Par la suite, par-delà de persistantes querelles intestines, on s’achemine peu à peu vers l’unification politique: en 843, le roi des Scots, Kenneth MacAlpin, est également reconnu souverain des Pictes; au Xe siècle, le Strathclyde, autre territoire celte, est intégré au royaume par Malcolm Ier, dont le petit-fils, Malcolm II, obtient du roi d’Angleterre l’investiture du fief des Lothians. Le royaume d’Écosse, loin de disparaître sous les coups d’envahisseurs normands, affirme alors sa force au point que les derniers rois saxons d’Angleterre doivent guerroyer ferme pour préserver leur propre territoire.
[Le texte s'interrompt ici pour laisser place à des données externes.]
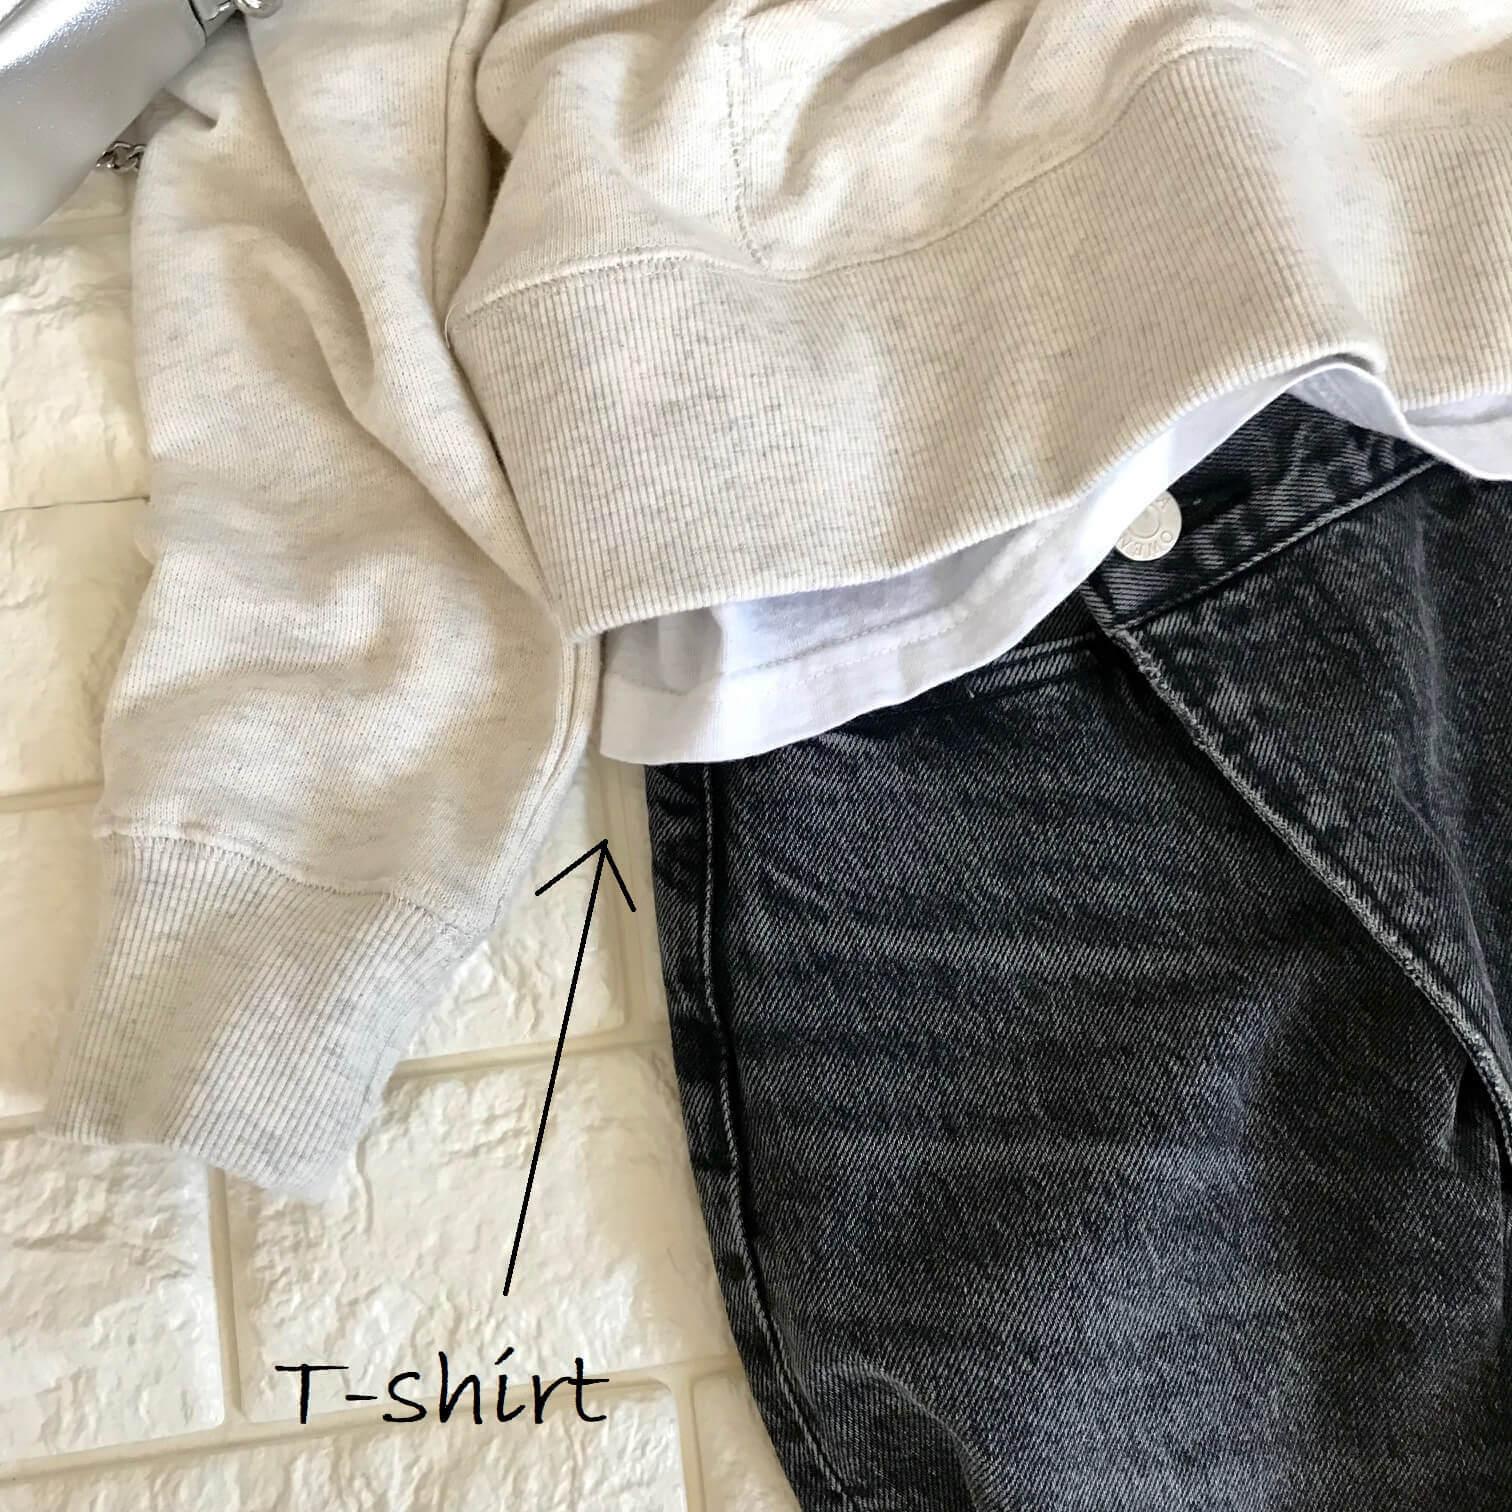 アメリカンホリックのパーカーとTシャツの重ね着画像

Guillaume le Conquérant ne peut pas accepter de telles menaces et, à partir d’une victoire normande en 1072, commence une longue période de guerres entre Écosse et Angleterre, marquée par des phases de subordination complète du royaume du Nord à la tutelle féodale du souverain voisin, par la recherche, dès 1165, d’une alliance française (l’Auld Alliance ), par la fixation, en 1222, de la ligne frontière définitive, puis, à la fin du XIIIe siècle et au début du XIVe, par une conquête à répétition par le roi Édouard Ier d’Angleterre, qui paraît décidé à mettre fin à toute forme d’indépendance écossaise. Le soulèvement décisif de Robert Bruce, encore aujourd’hui considéré comme un grand héros national, mène à une «guerre d’indépendance» de vingt années, à lavictoire de Bannockburn en 1314 et, en 1328, au traité de Northampton par lequel l’Angleterre reconnaît la souveraineté pleine et entière du royaume écossais. Un siècle avant Jeanne d’Arc et la naissance du sentiment national en France, la «déclaration d’Arbroath» des barons écossais (1320) est considérée comme la première formulation écrite européenne du patriotisme en même temps qu’une déclaration de guerre perpétuelle à toute tentative anglaise de domination.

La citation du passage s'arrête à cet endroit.